# fish room vs showroom condition



## monk21 (Dec 5, 2012)

hey guys,

can someone explain what these mean? I am new in canada and all the new information is overwhelming !


----------



## Tbird (Oct 5, 2009)

Fishroom would be something that has quite a few scratches or marks. Something that you would not use as a display tank but maybe just to breed with in your Fishroom. LOL 

Showroom is a tank that looks brand new and has no scratches or marks.


----------



## monk21 (Dec 5, 2012)

Tbird said:


> Fishroom would be something that has quite a few scratches or marks. Something that you would not use as a display tank but maybe just to breed with in your Fishroom. LOL
> 
> Showroom is a tank that looks brand new and has no scratches or marks.
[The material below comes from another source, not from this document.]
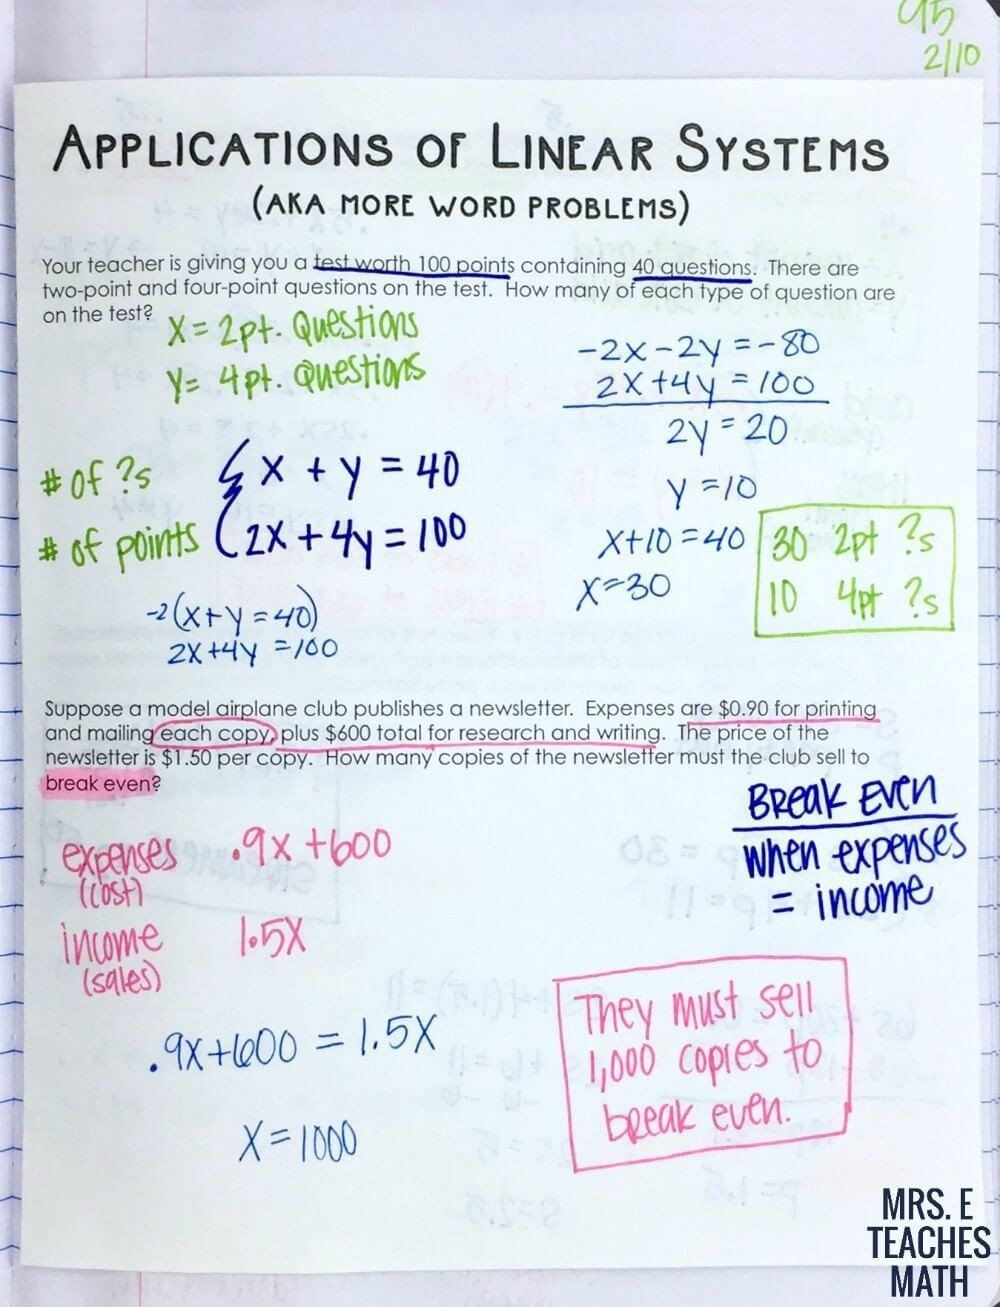 Solving Equations Word Problems Worksheet Systems Of Linear Equations Word Problems Inb Page In 2020 Word Problems Word Problem Worksheets Math About Me

oh great thanks! expect more noobish questions from me for some time!


----------



## kuopan (Sep 6, 2010)

fishroom condition is usually pretty vague but like Tbird says, it's something that you won't use as a display tank to show off. they can vary from pretty decent looking (almost showroom) to pretty worn down but still able to hold water = ) i would just ask for a 10 scale rating to guage on the condition. 

welcome to canada and welcome to the gta aquaria!


----------



## Ryan.Wilton (Dec 12, 2012)

You DT is meant to resemble your best work and best looking fish. FR tanks stay behind the scenes so to speak. As said they're the tanks that aren't in the best condition. Sometimes the freebies you pick up in your travels.


----------